Flexible rather than dependent – an interview on industrial sovereignty

Supply shortages of pharmaceutical products have triggered a fundamental debate: How much industrial self-reliance does Europe need to permanently secure the supply of medicines to its patients?

Christoph Reinwald, General Manager of Complex Pharmaceuticals, and Pia Fischer-Windsteig, Head of Quality Management & PV, on sovereignty, modular production models and the question of why proximity of location is a strategic factor today.

“In a world where medical needs often arise rapidly and with high specificity, rigidity is our greatest risk.” Pia Fischer-Windsteig

Drug shortages are now considered a structural problem. At what point does supply security become, in your view, a matter of political and industrial sovereignty?

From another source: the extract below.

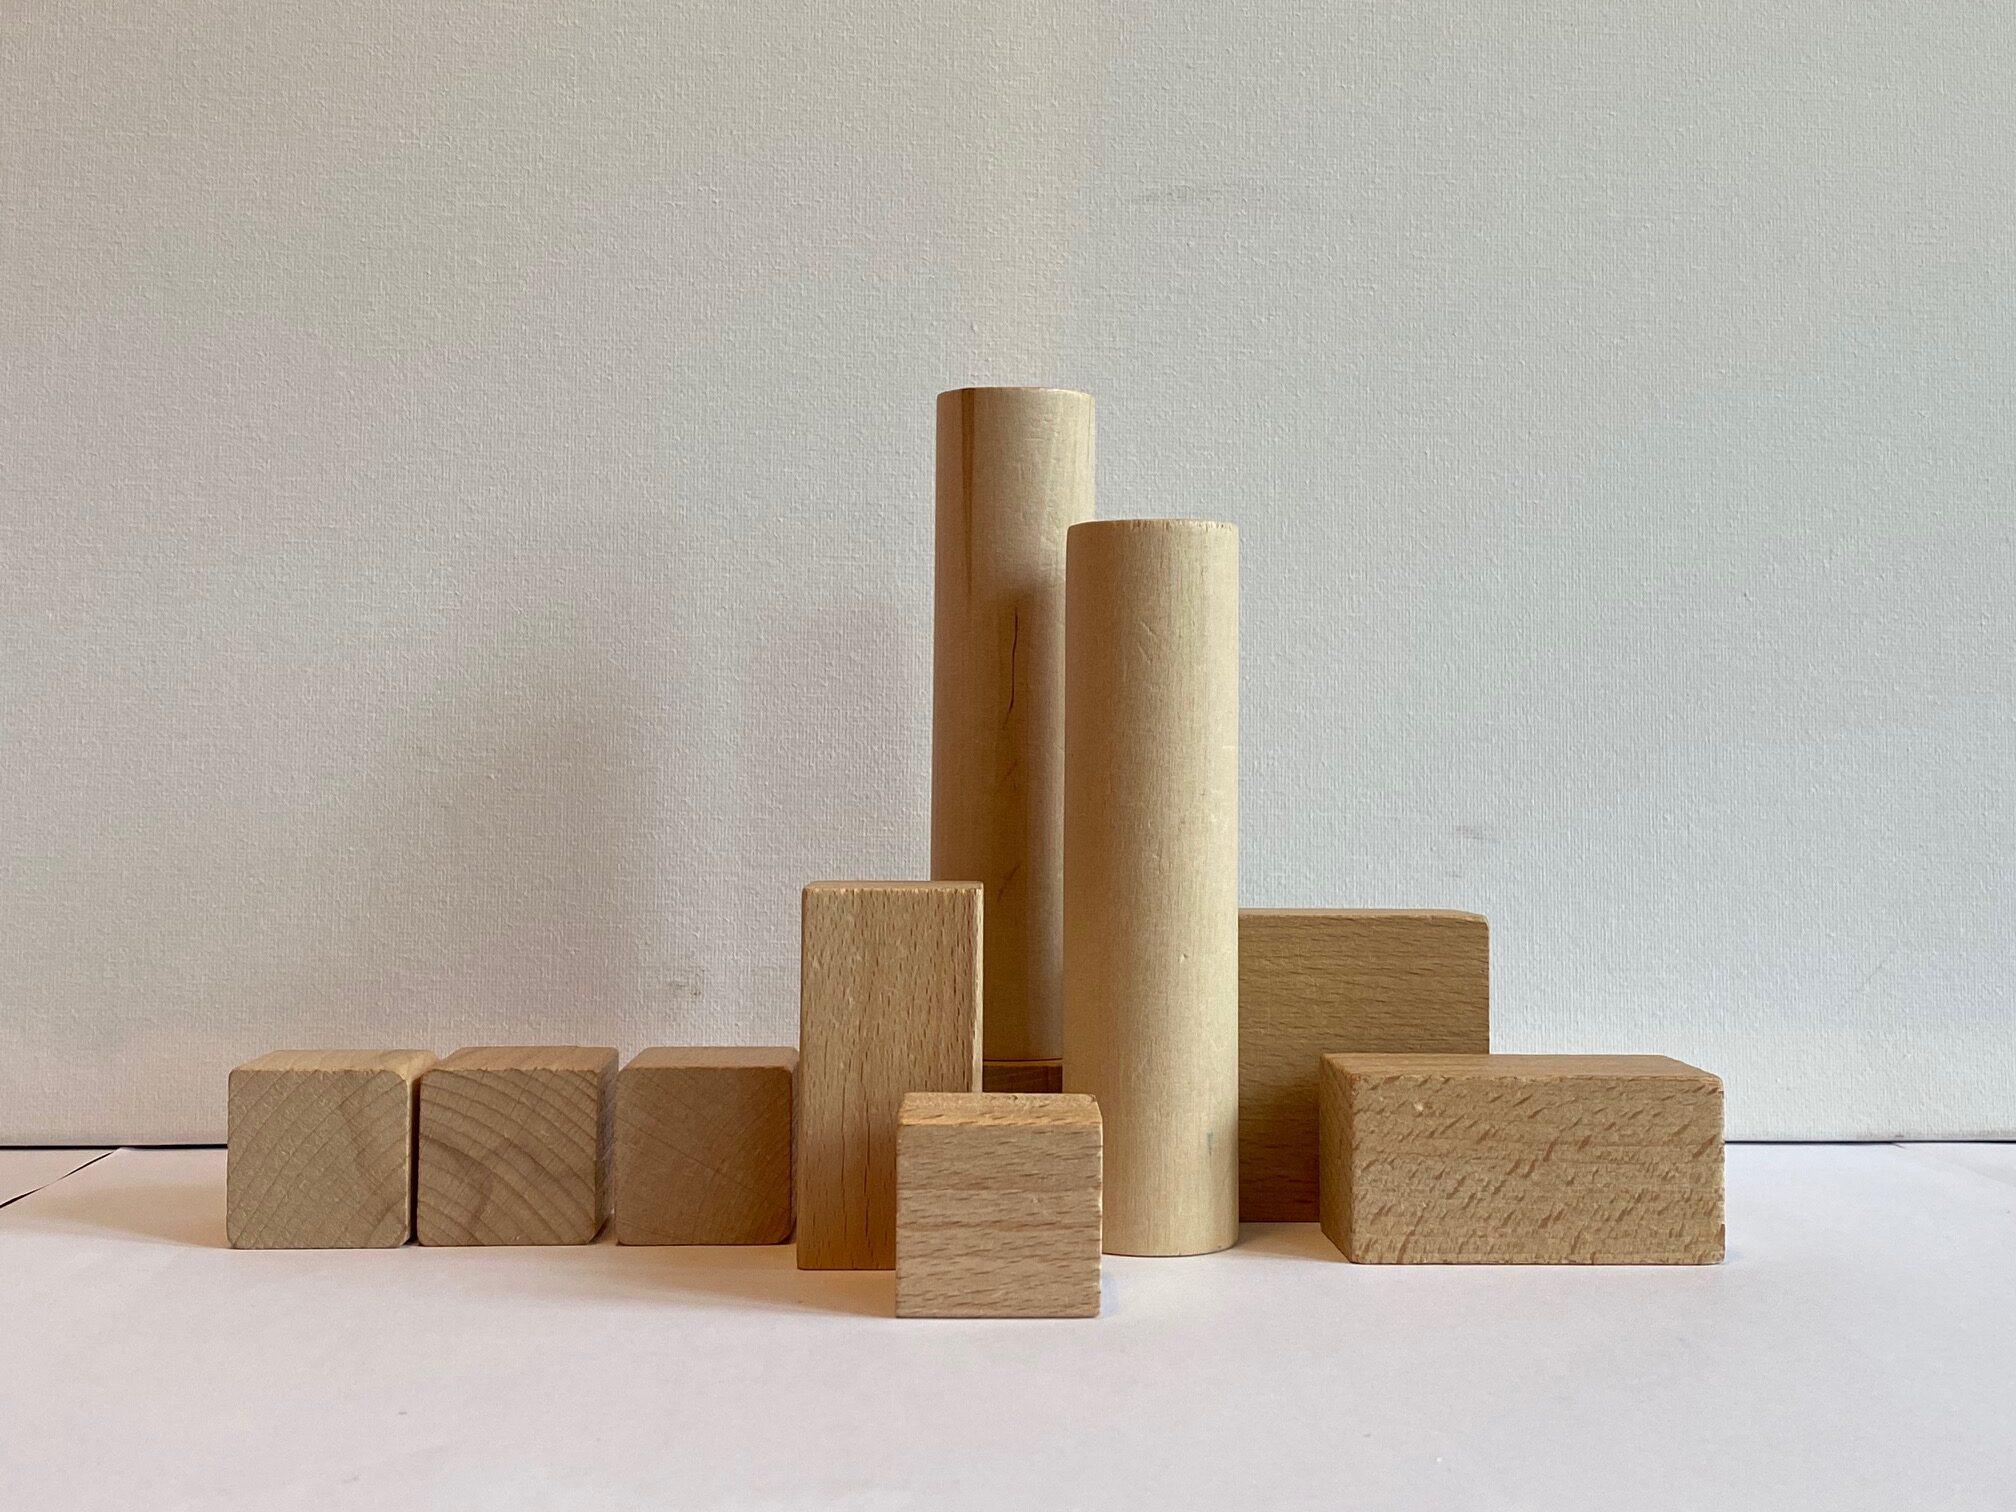 compositie asymmetrie

Pia Fischer-Windsteig: We reach the critical point of sovereignty precisely when we lose the capacity for immediate self-direction. In the past, we prioritised efficiency over resilience, concentrating production at a small number of global sites and in huge volumes. Sovereignty today does not mean doing everything ourselves, but having the flexibility to produce small batches and specialised formats regionally at any time. Political frameworks are the foundation, but without the technological infrastructure and expertise directly on site, Europe remains reactive rather than sovereign. We must begin to understand industrial competence as part of our essential public services.

Complex Pharmaceuticals has deliberately chosen production close to Vienna. Why is proximity of location more than a logistical decision in the pharmaceutical sector today?

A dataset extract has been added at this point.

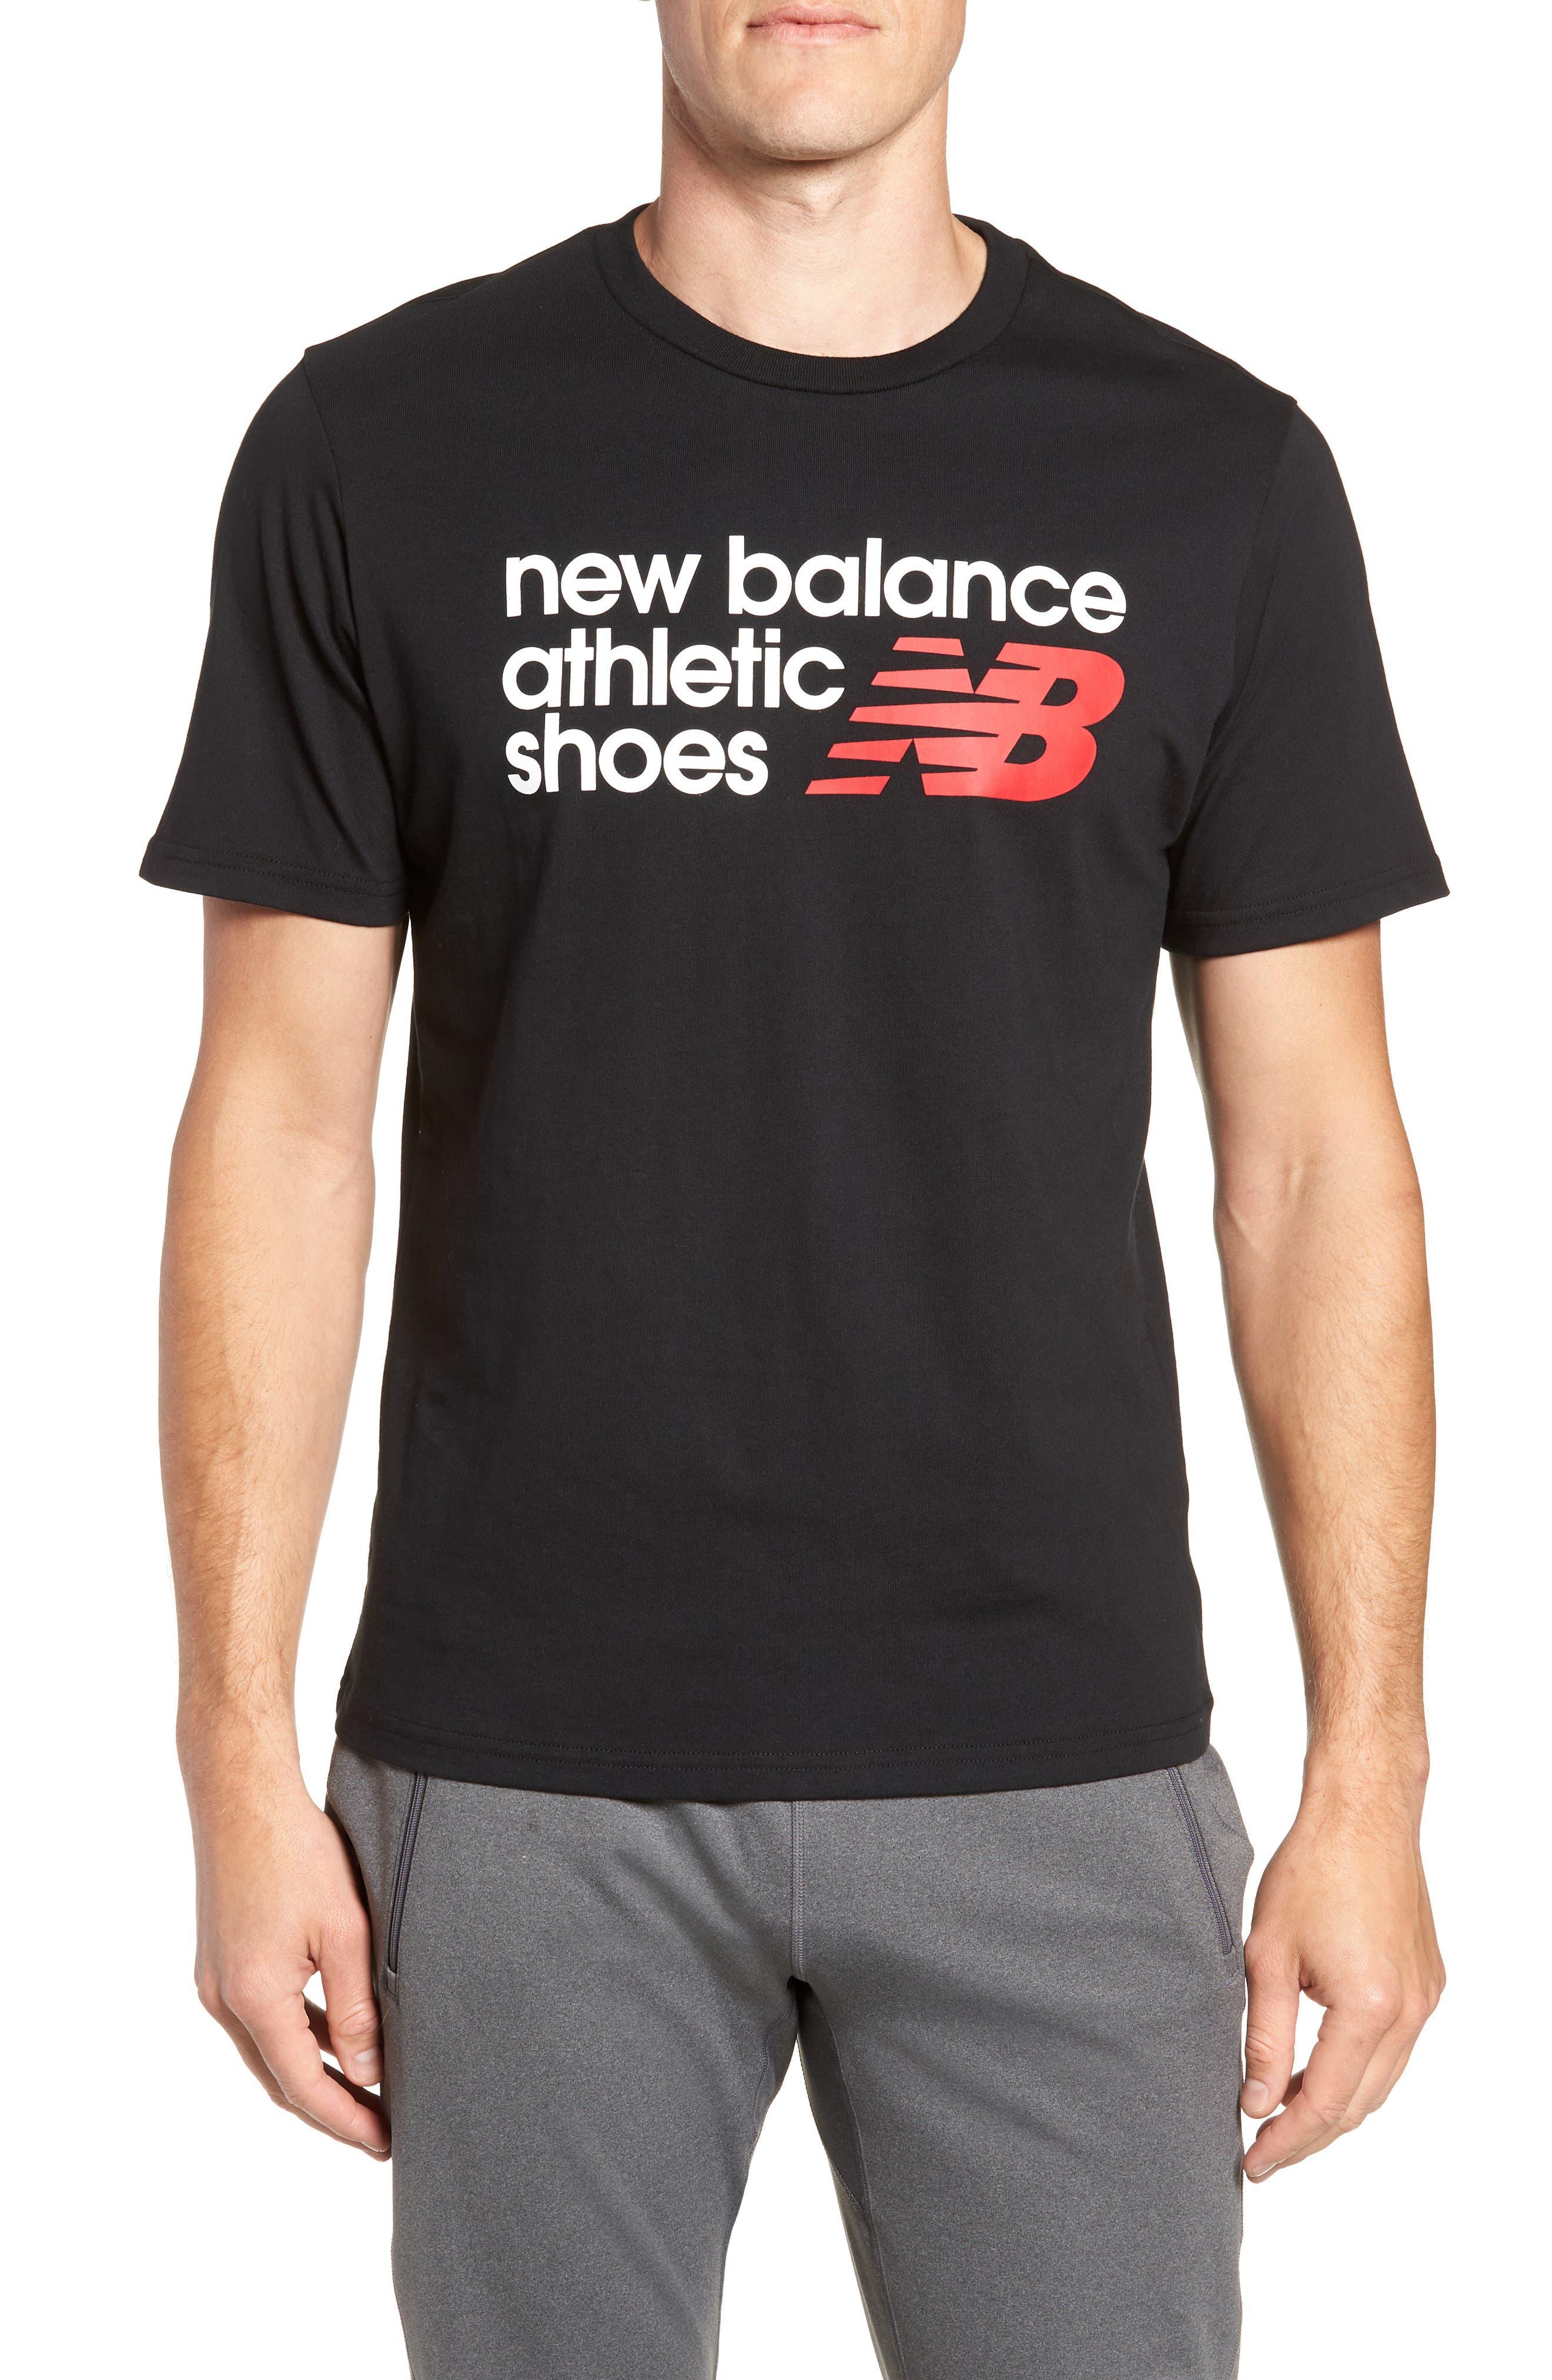 New Balance Nb Shoe Box Graphic T-Shirt, Black

Christoph Reinwald: Proximity of location does not only mean shorter pathways. It also concerns better access to qualified specialists and good infrastructural connectivity. In Traiskirchen, the site was also designed so that plant structure, material flow and digital data flow are coordinated with one another from the outset.

Modular production lines promise flexibility. What significance does this adaptability have when medical
needs change faster than classical supply chains can respond?

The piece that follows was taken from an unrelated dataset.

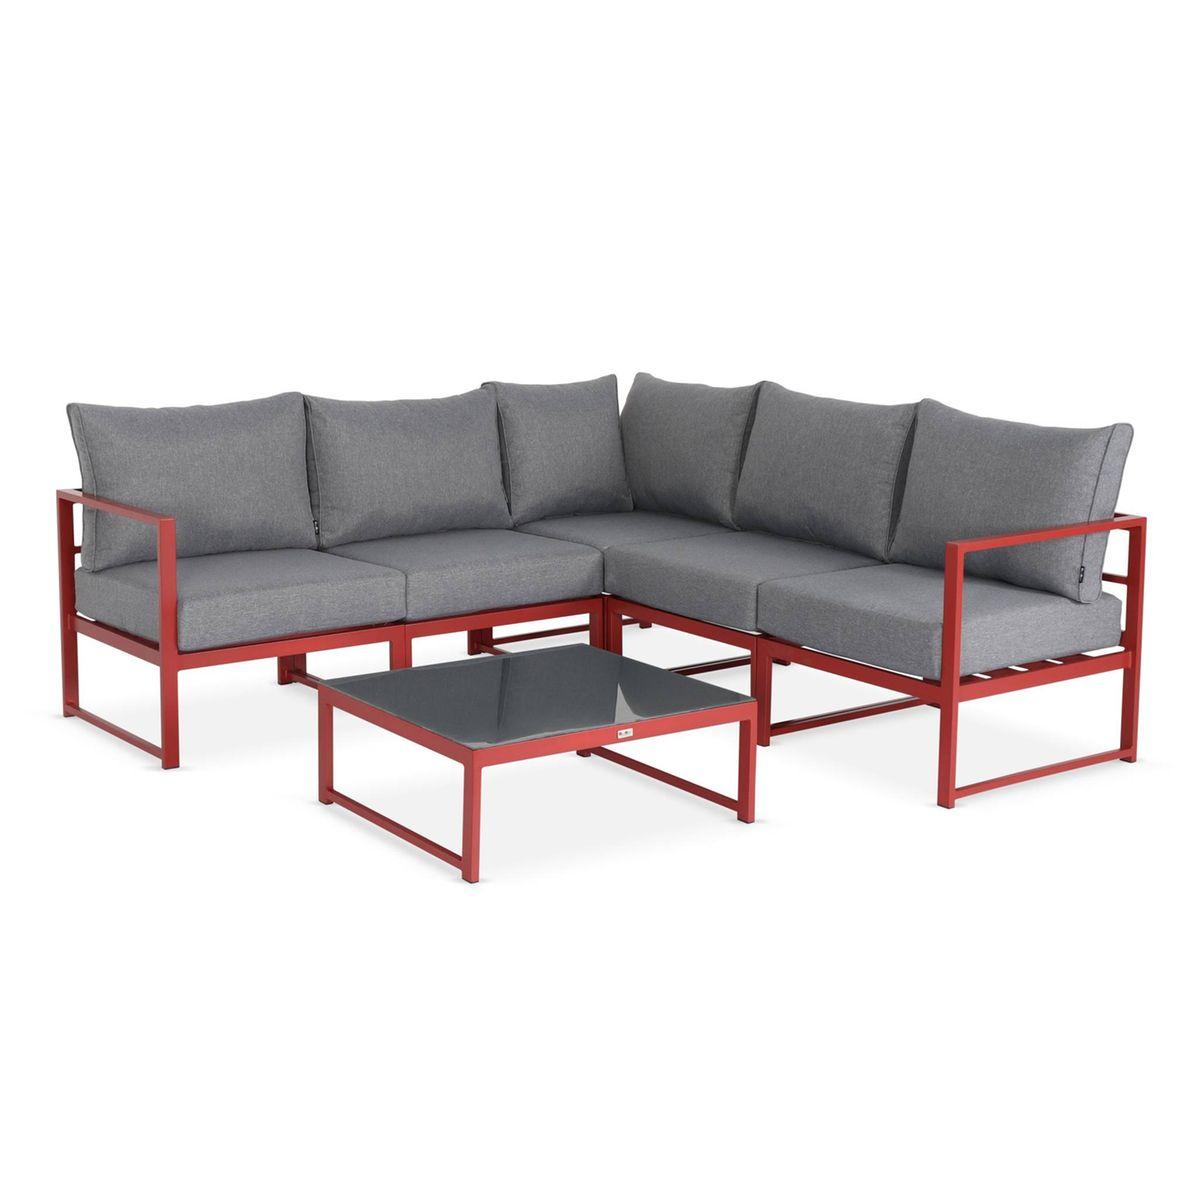 Salon De Jardin 5 Places Stratum En Aluminium Design Et Modulable

Pia Fischer-Windsteig: In a world where medical needs often arise rapidly and with high specificity, rigidity is our greatest risk. Modular production lines are the answer to the end of the ‘one-size-fits-all’ era. Take highly specialised therapies or rare diseases: classical large-scale facilities are of no help here. In Traiskirchen, we have reversed the industrial logic. Through tool-free, automated format changes, we make the seemingly impossible possible: economic viability even for the smallest batches. This agility means that in an emergency, we save weeks of changeover time. We no longer merely react to the market — we keep pace with the speed of medical innovation.

“Efficiency must not come at the expense of data integrity or regulatory conformity.” Christoph Reinwald


Pharmaceutical manufacturing is highly regulated and simultaneously cost-intensive. Where is the line, in your view, at which efficiency must no longer come at the expense of quality or patient safety?

Christoph Reinwald: Efficiency must not come at the expense of data integrity or regulatory conformity. That is why all batch data at Complex Pharmaceuticals is centrally prepared and released — no manual data entry takes place at the lines themselves. All production and control data flow together in a centrally networked system. Key figures and batch documentation are generated automatically. This creates transparency and ensures consistently compliant documentation.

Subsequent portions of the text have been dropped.